### WHAT YOU NEED TO DO
The pictures in the listing below are to be skipped, while the lines between the line holding "Modellen Emily DiDonato" and the line holding "Wassergekühlte Wasserkühlmaschinen und", inclusive, are to be output exactly.

### WORKING DATA
=== Section Start ===

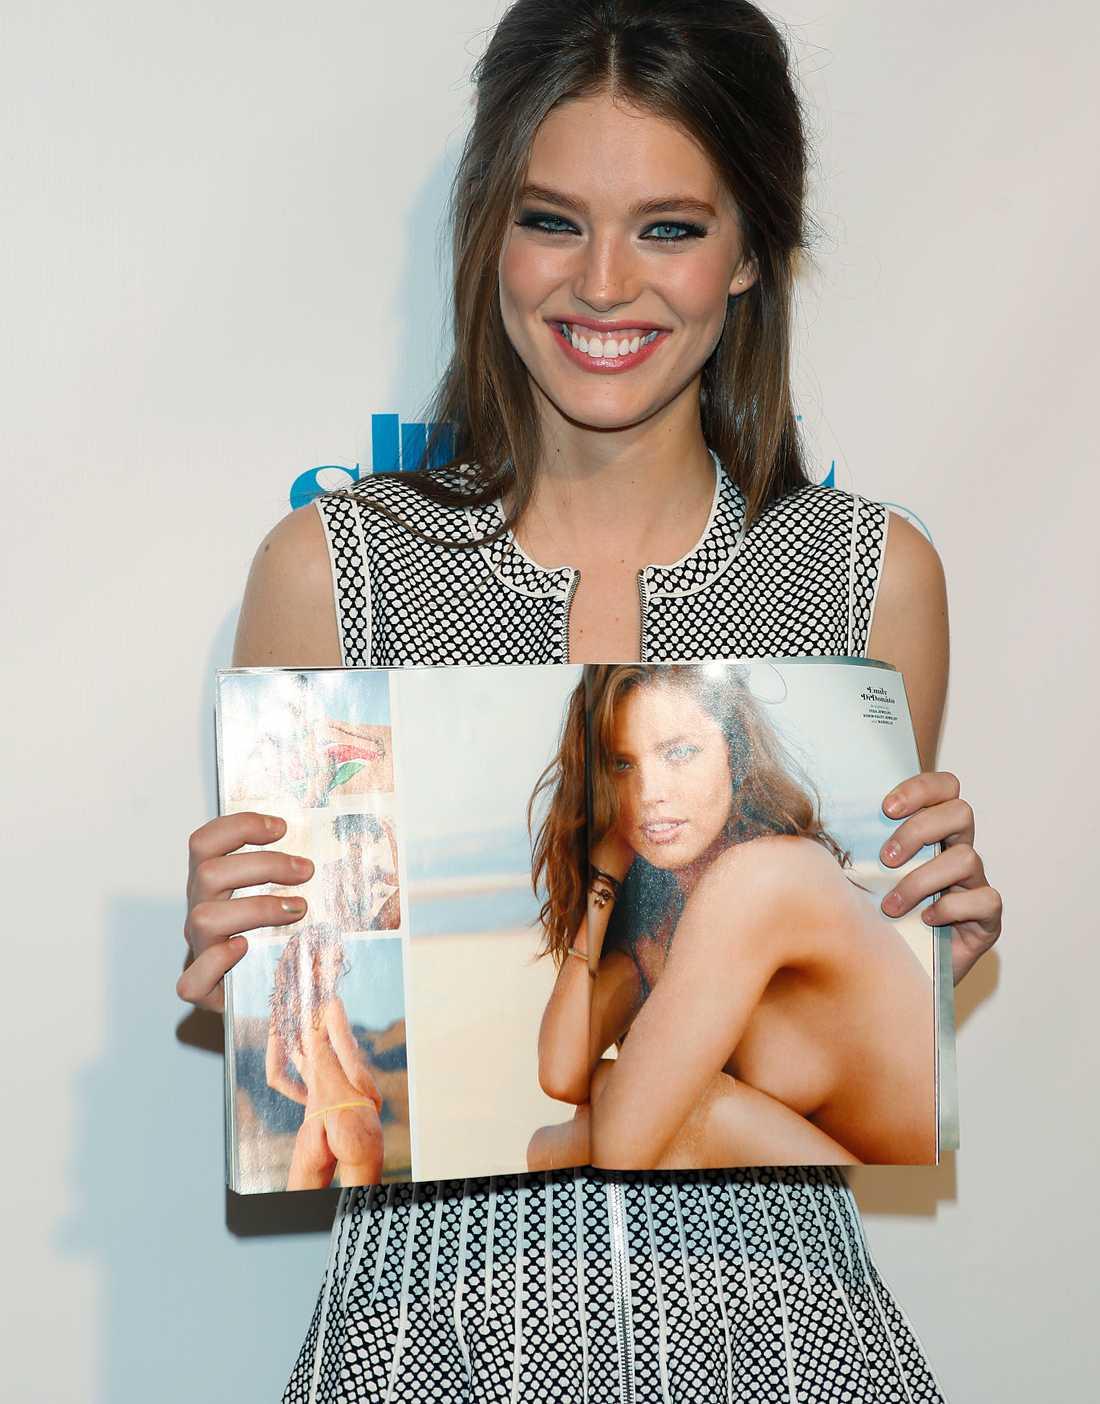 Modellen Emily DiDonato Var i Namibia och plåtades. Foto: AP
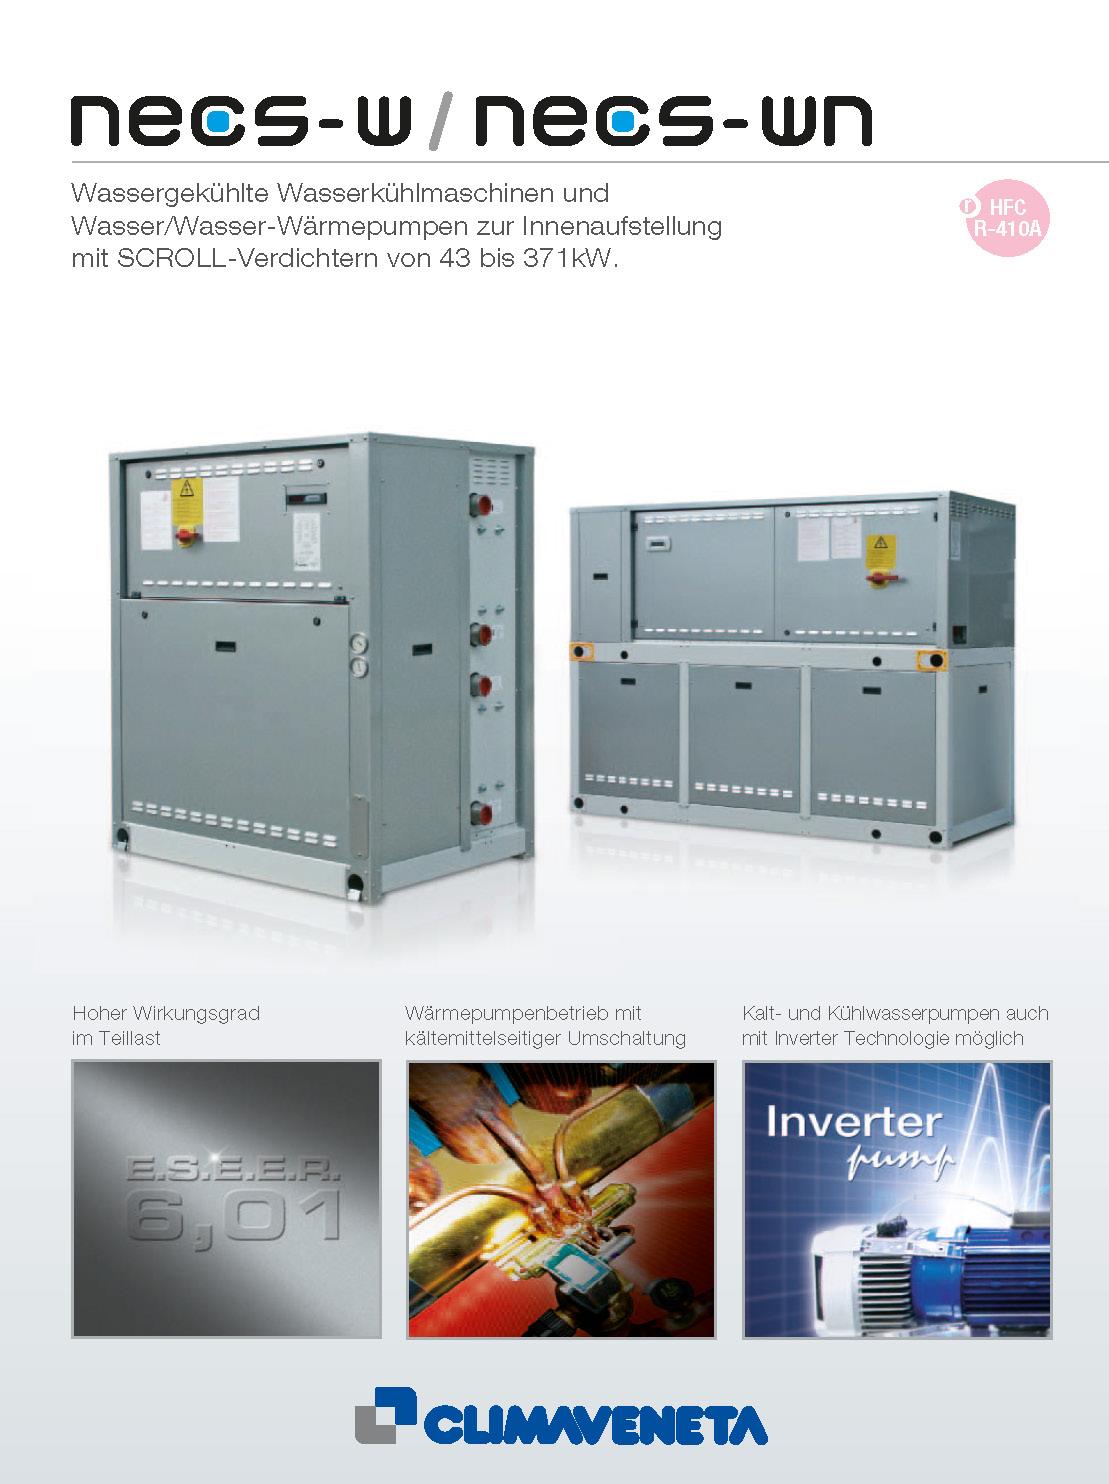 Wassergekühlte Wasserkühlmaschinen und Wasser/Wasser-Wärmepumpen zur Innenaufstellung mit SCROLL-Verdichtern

=== Section End ===
=== Section Start ===

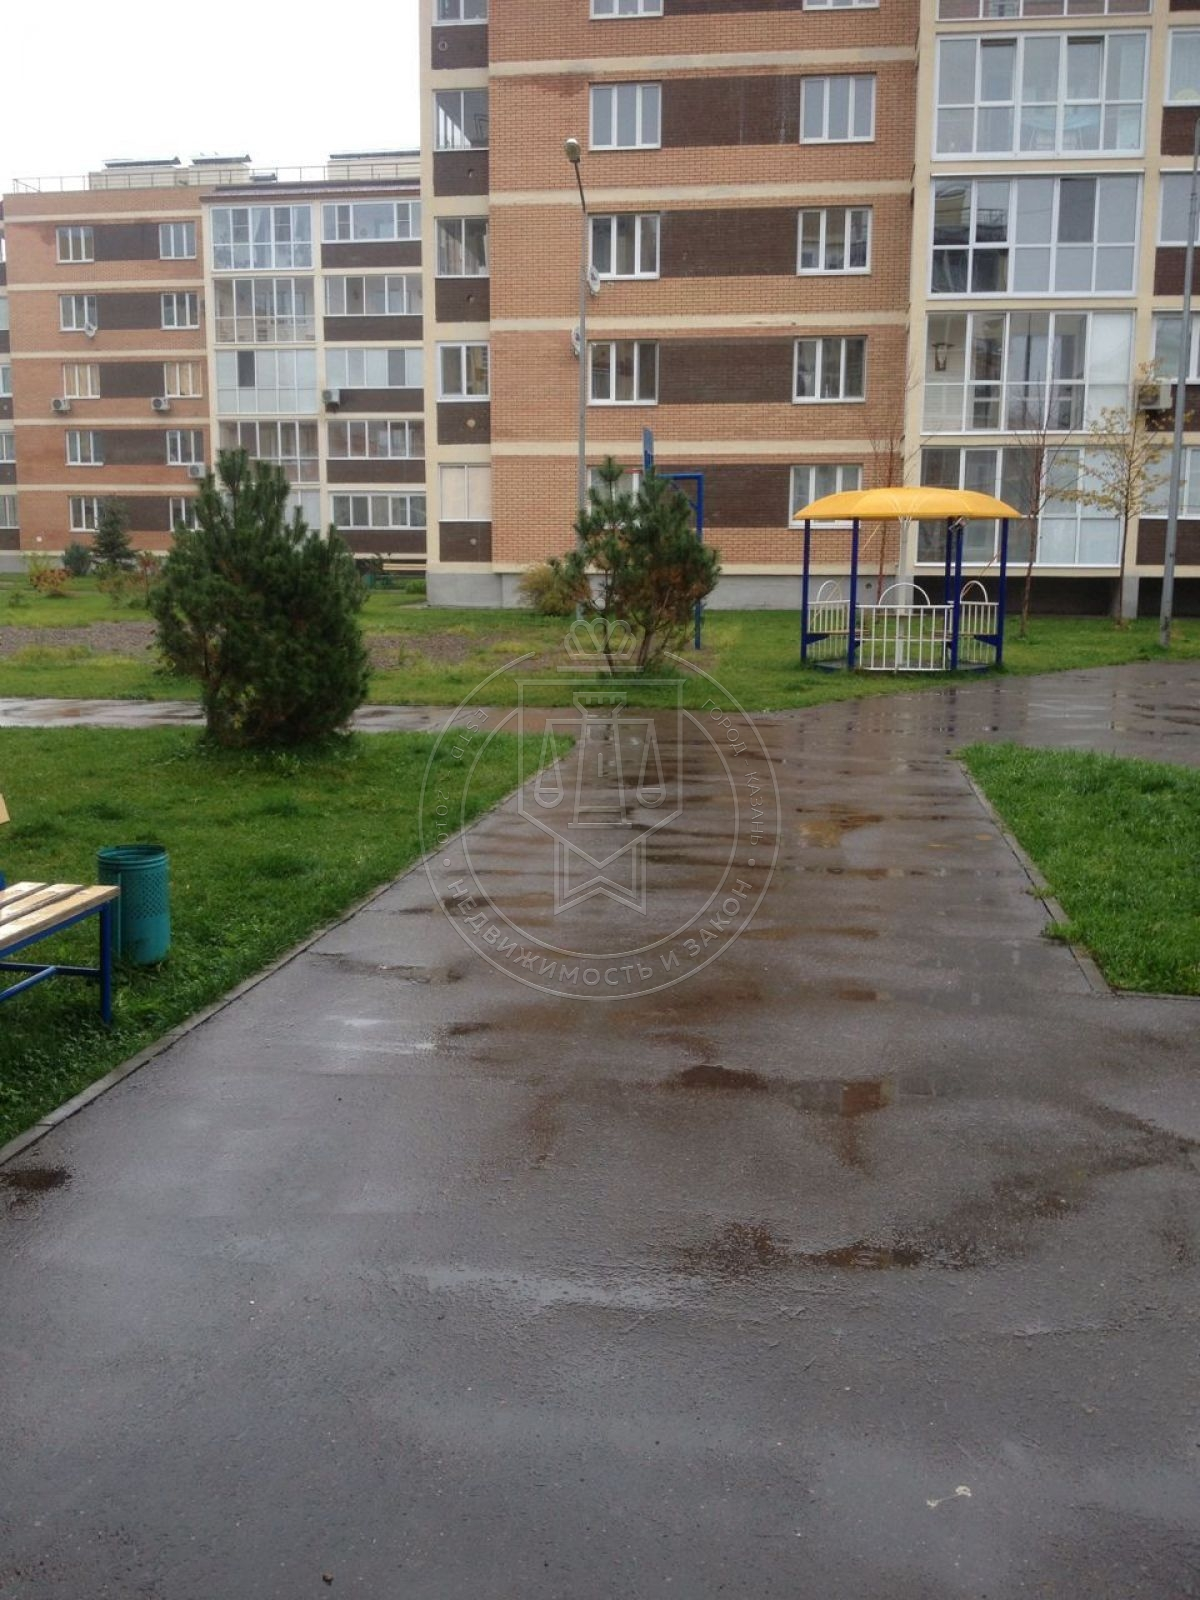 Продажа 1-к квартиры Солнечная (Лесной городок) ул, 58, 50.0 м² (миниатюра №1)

=== Section End ===
=== Section Start ===

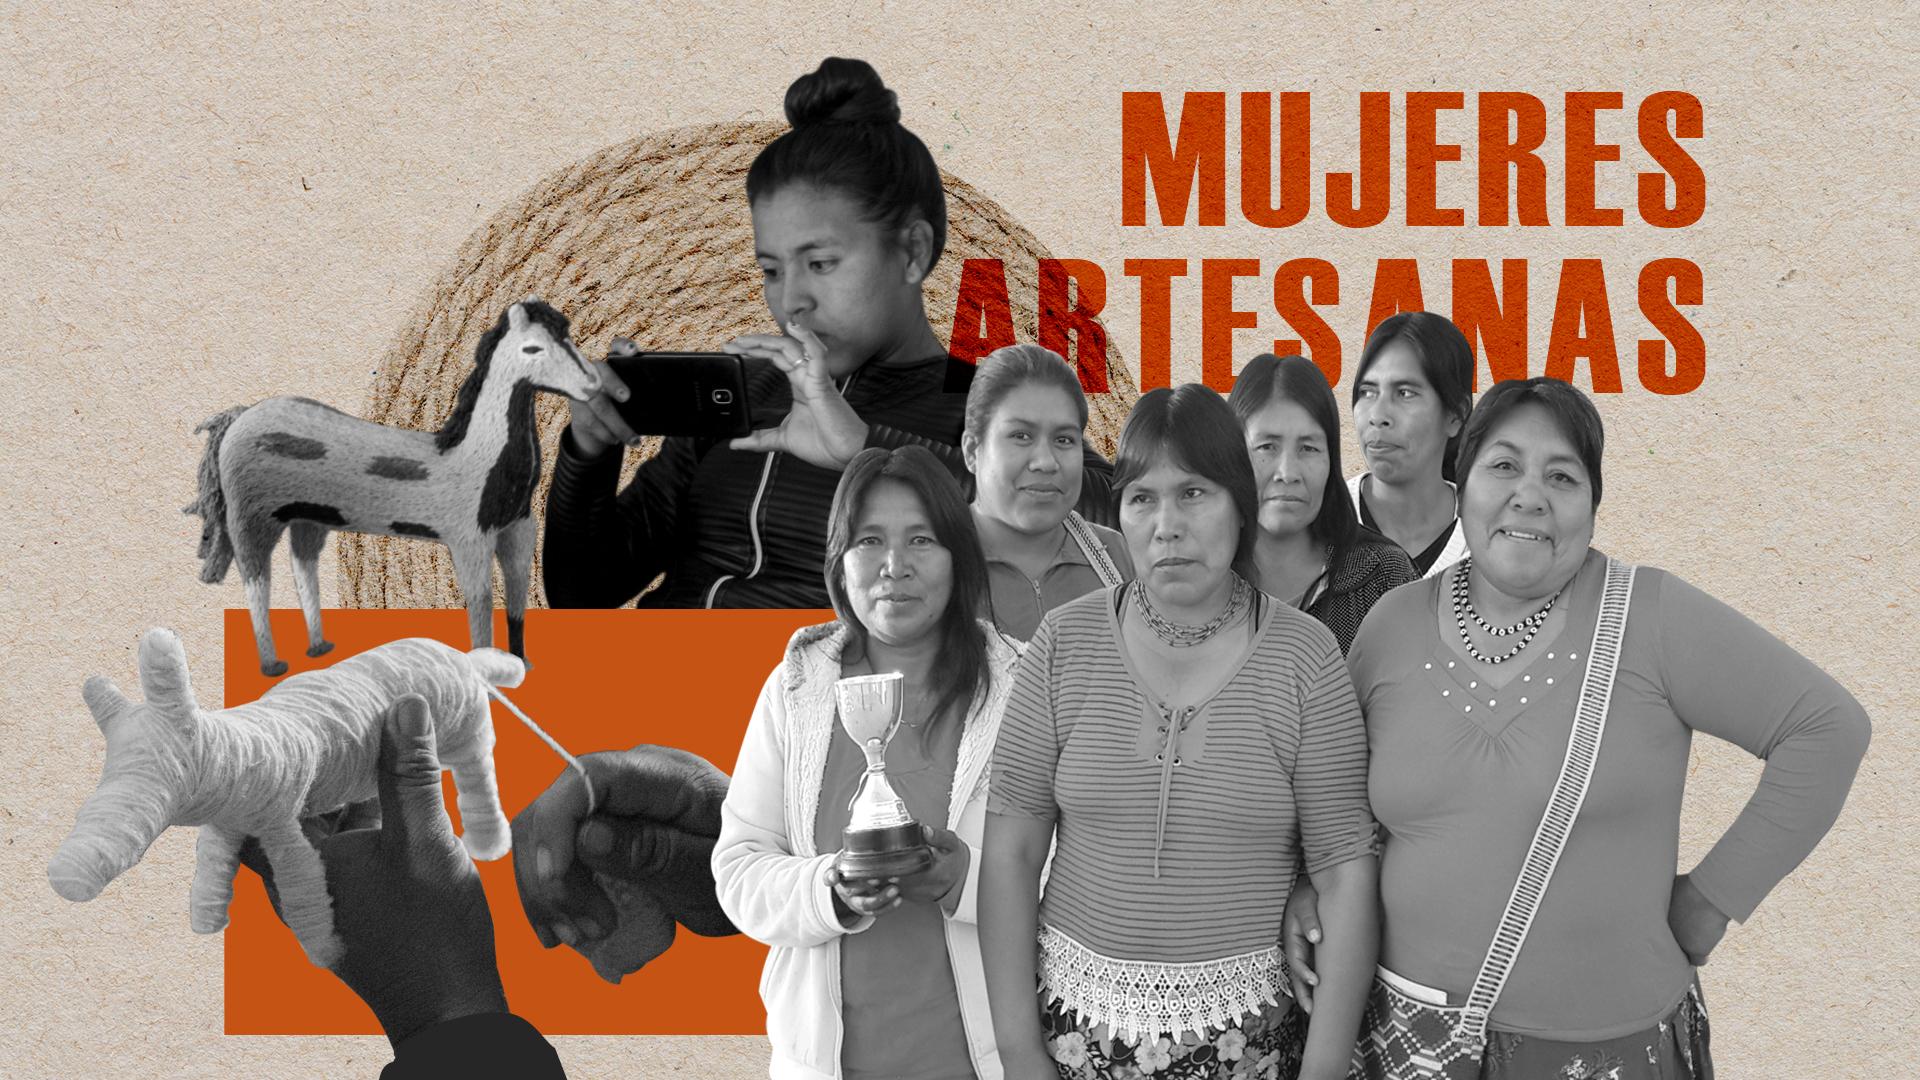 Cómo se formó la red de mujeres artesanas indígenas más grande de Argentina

=== Section End ===

### OUTPUT BELOW
 Modellen Emily DiDonato Var i Namibia och plåtades. Foto: AP
 Wassergekühlte Wasserkühlmaschinen und Wasser/Wasser-Wärmepumpen zur Innenaufstellung mit SCROLL-Verdichtern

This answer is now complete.